Startup.Auth.cs, comment out the first line:
// #define SingleTenantApp. Indeed, the code you cloned corresponds to the multi-tenant version of the sample. We use conditional compilation to include or exclude the corresponding lines of code which are marked by comments. The effect of uncommenting this first line will be to change the value for the
Authorityto the single-tenant version, and omit the line relating to
Step 4: Run the sample
Clean the solution, rebuild the solution, and run it! Explore the sample by signing in, navigating to different pages, adding tasks, signing out, etc. Create several user accounts in the Azure Management Portal, and assign them different roles by navigating to the "Users" tab of your application in the Azure Portal. Create a Security Group in the Azure Management Portal, add users to it, and again add roles to it using an Admin account. Explore the differences between each role throughout the application, namely the Tasks page.
Deploy this Sample to Azure
To deploy this application to Azure, you will publish it to an Azure Website.
- Sign in to the Azure portal.
- Click New in the top left hand corner, select Web + Mobile --> Web App, select the hosting plan and region, and give your web site a name, e.g. todolistservice-contoso.azurewebsites.net. Click Create Web Site.
- Once the web site is created, click on it to manage it. For this set of steps, download the publish profile and save it. Other deployment mechanisms, such as from source control, can also be used.
- While still in the Azure portal, navigate back to the Azure AD tenant you used in creating this sample. Under applications, select your Task Tracker application.
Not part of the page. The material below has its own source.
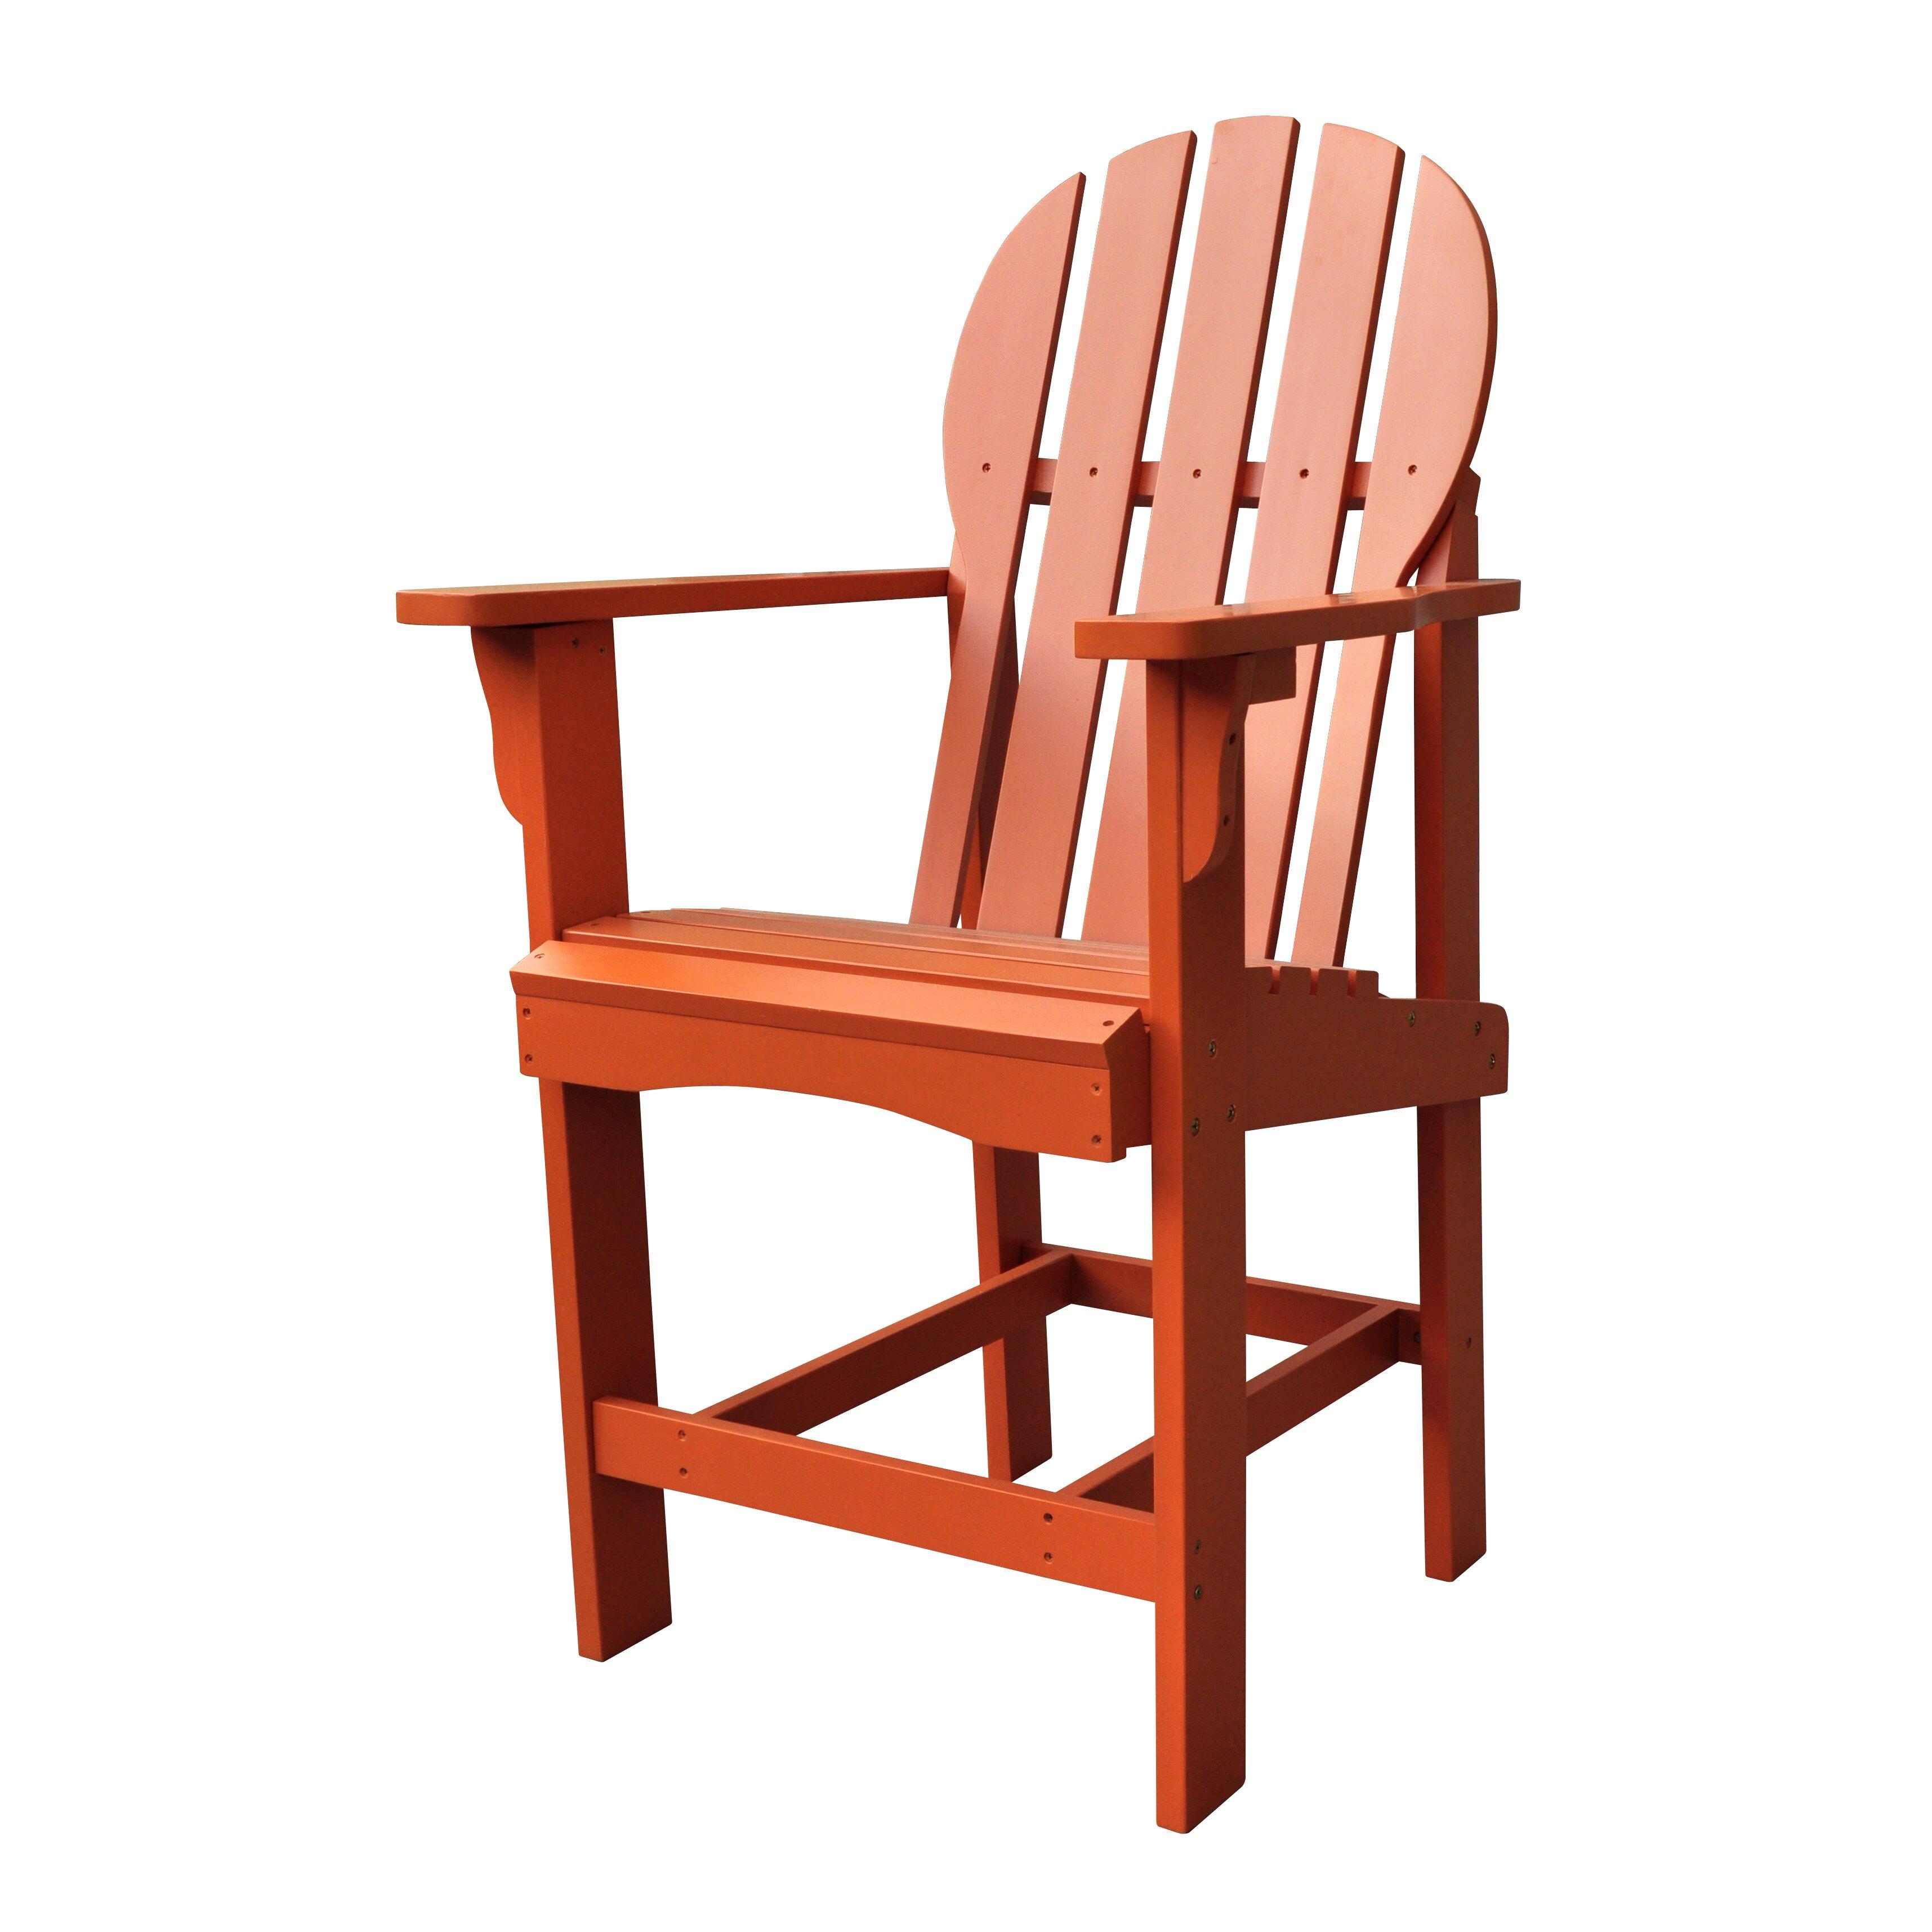 Shine pany Inc Captiva Counter Height Adirondack Chair

From the Settings page, update the Sign-On URL and Reply URL fields to the root address of your published application, for example https://tasktracker-contoso.azurewebsites.net/.
- Switch to Visual Studio and go to the WebApp-RoleClaims-DotNet project. In the web.config file, update the "PostLogoutRedirectUri" value to the root address of your published application as well.
- Right click on the project in the Solution Explorer and select Publish. Click Import, and import the publish profile that you just downloaded.
- On the Connection tab, update the Destination URL so that it is https, for example https://tasktracker-contoso.azurewebsites.net. Click Next.
- On the Settings tab, make sure Enable Organizational Authentication is NOT selected. Click Publish.
- Visual Studio will publish the project and automatically open a browser to the URL of the project. If you see the default web page of the project, the publication was successful.